● DATASET EXCERPT

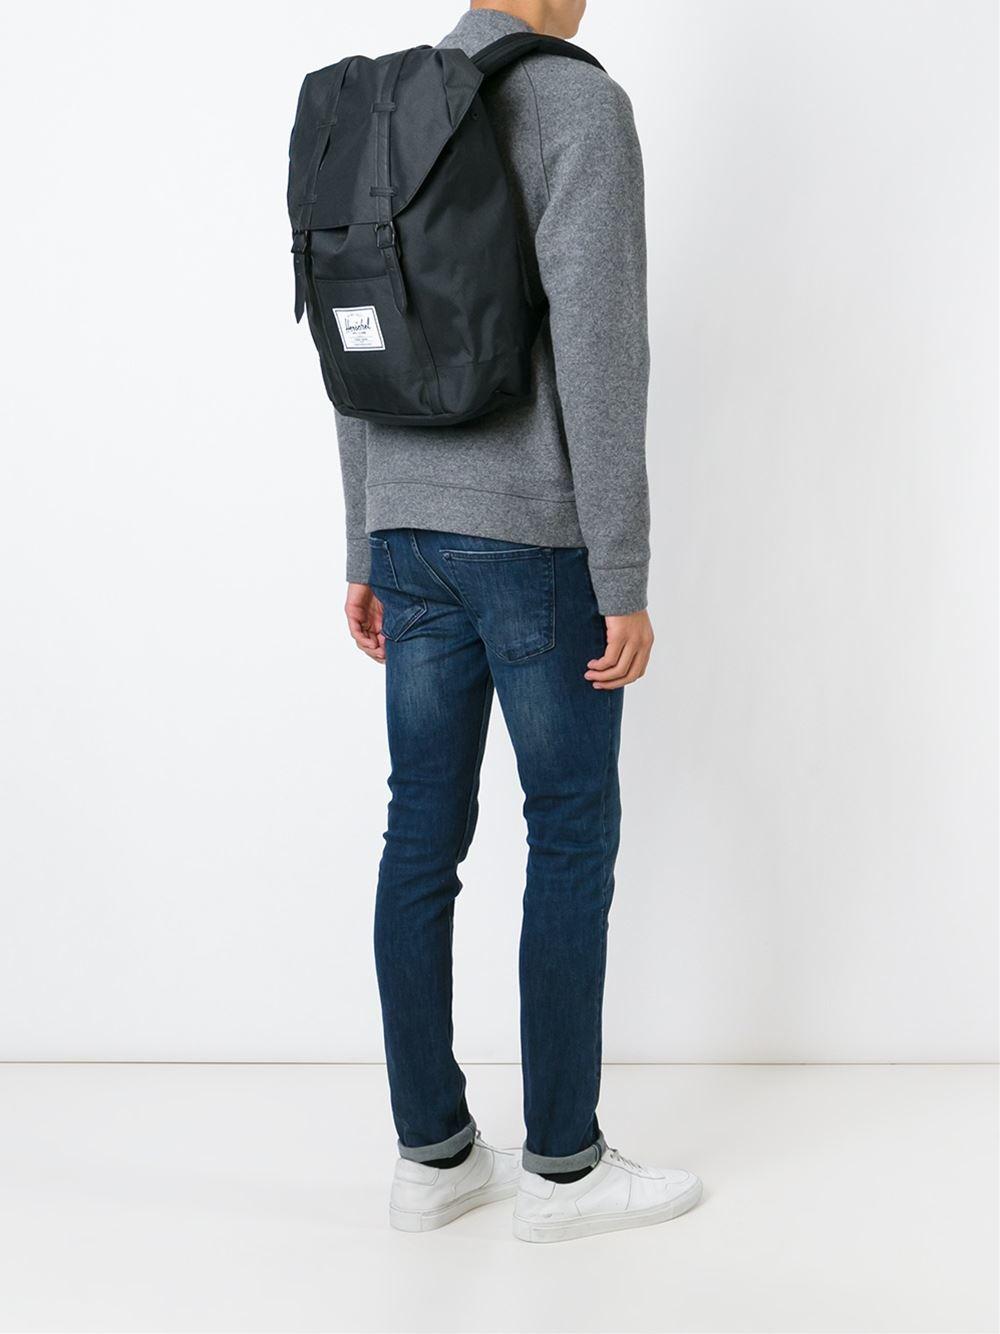 zniżki z fabryki zamówienie Nowe Produkty Retreat Backpack
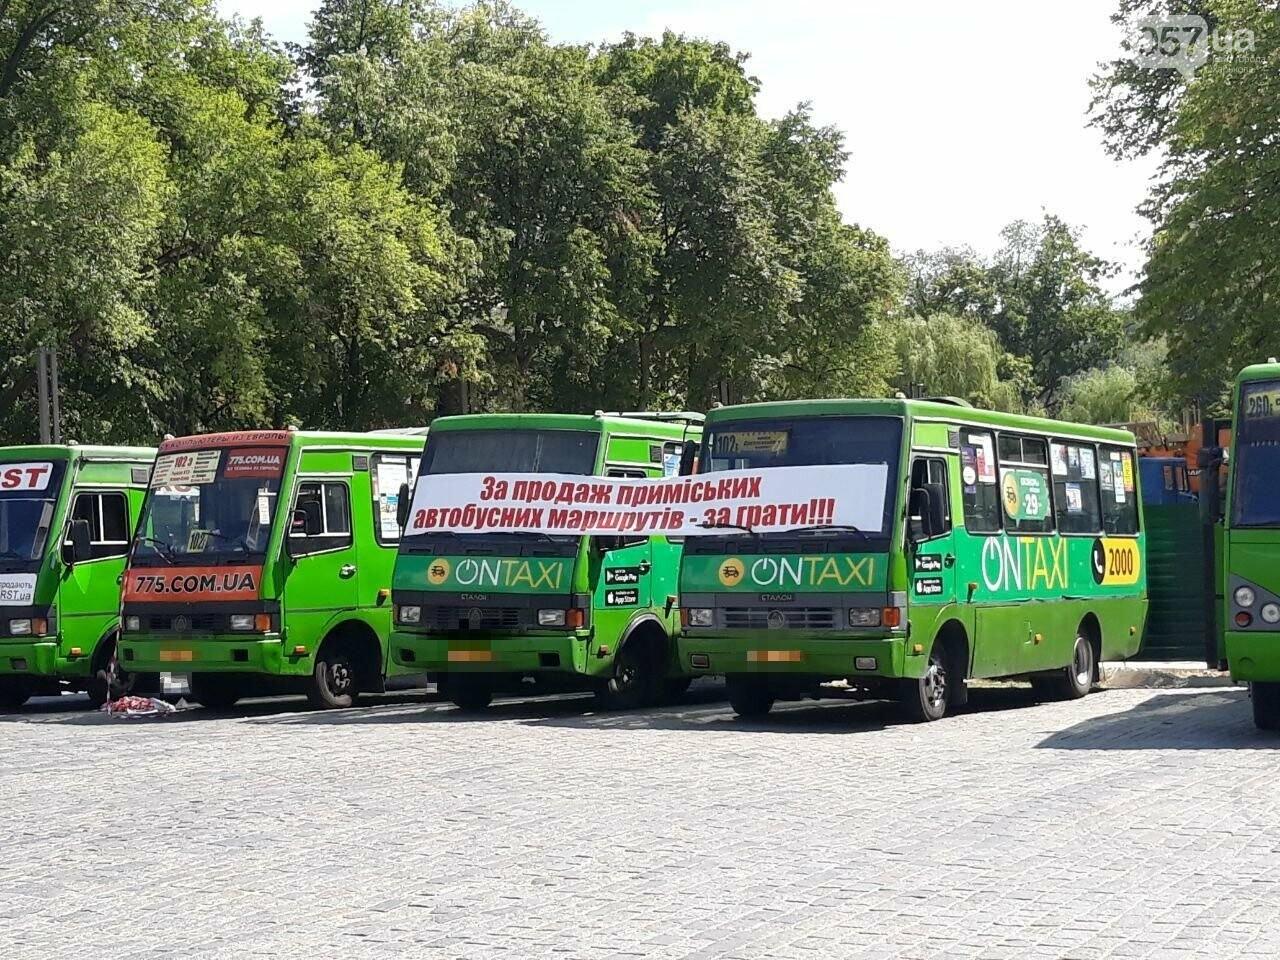 «Долой коррупцию»: в Харькове протестовали сотрудники самого крупного пассажирского перевозчика в области, - ФОТО, фото-9
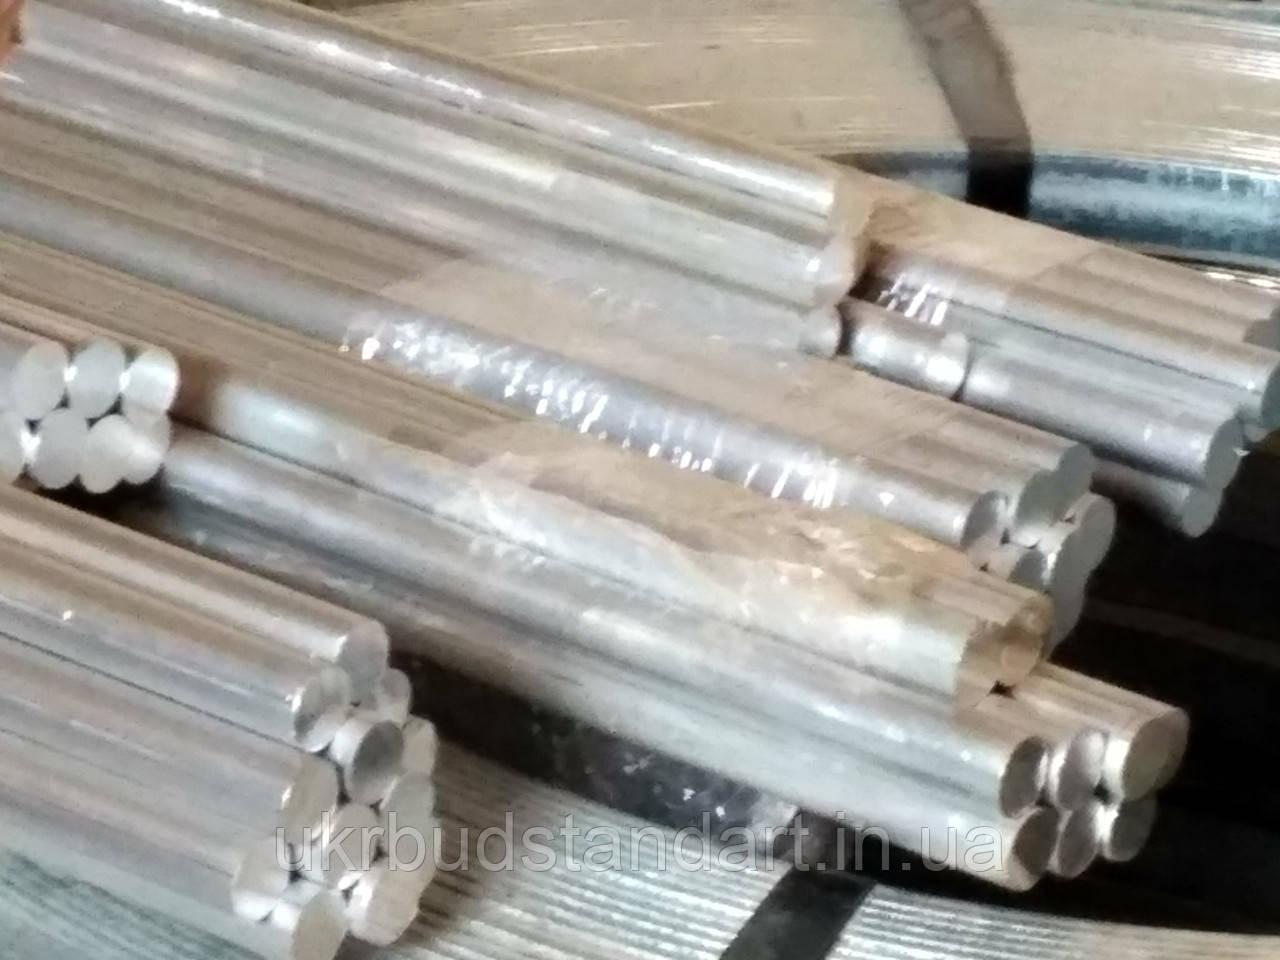 Прут алюминиевый ф 16

● GOAL OF THE EXERCISE
All the lines above are to be given again exactly as they read, with the pictures removed.

● RESULT FOR THIS TASK
 zniżki z fabryki zamówienie Nowe Produkty Retreat Backpack
 «Долой коррупцию»: в Харькове протестовали сотрудники самого крупного пассажирского перевозчика в области, - ФОТО, фото-9
 Прут алюминиевый ф 16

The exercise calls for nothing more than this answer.